Rotational effects on film cooling performance: Simulation of a louver cooling scheme on a rotating turbine blade

Numerical simulations were carried out for two cooling schemes, a circular hole and a louver cooling scheme, at the leading edge of a rotor blade in a complete turbine stage.

Two holes were positioned at the leading edge of a rotating blade, one on the pressure side and the other on the suction side. The methodology was validated with a circular hole case. Numerical results of cooling effectiveness for three blowing ratios at three rotational speeds were successfully obtained. Both blowing ratio and rotating speed of the rotor affect the cooling effectiveness level.

It was shown that for the circular hole, the blowing ratio is the dominant factor at low blowing ratios and the rotational speed is the dominant factor at high blow ratios when jet is prone to lift off in determining the cooling effectiveness level.

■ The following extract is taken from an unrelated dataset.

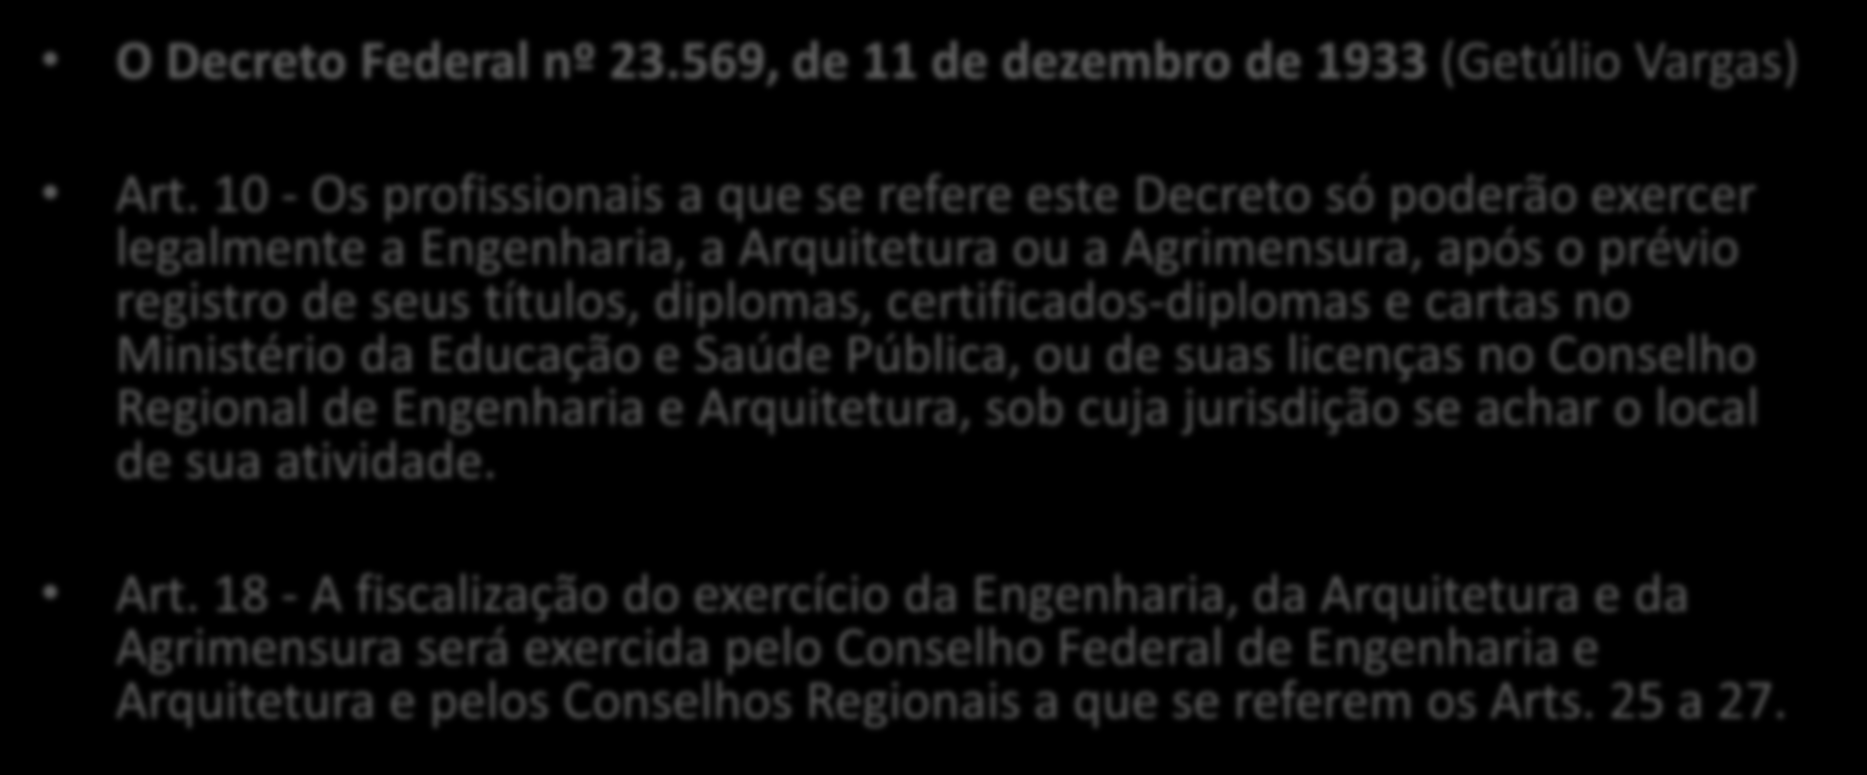 Entidade de Fiscalização: CREA O Decreto Federal nº 23.569, de 11 de dezembro de 1933 (Getúlio Vargas) Art.

For the louver scheme, a higher rotational speed leads to a higher level of cooling effectiveness since jet liftoff is avoided.

There are only a few studies of film cooling on a rotational turbine blade and very few studies of film cooling at the leading edge of a rotating turbine blade in the open literature. The present work presents a challenging CFD case. The analysis of film cooling at the leading edge of an airfoil was presented, which sheds light on the physics of film cooling and should prove helpful to the cooling designs of turbine blades.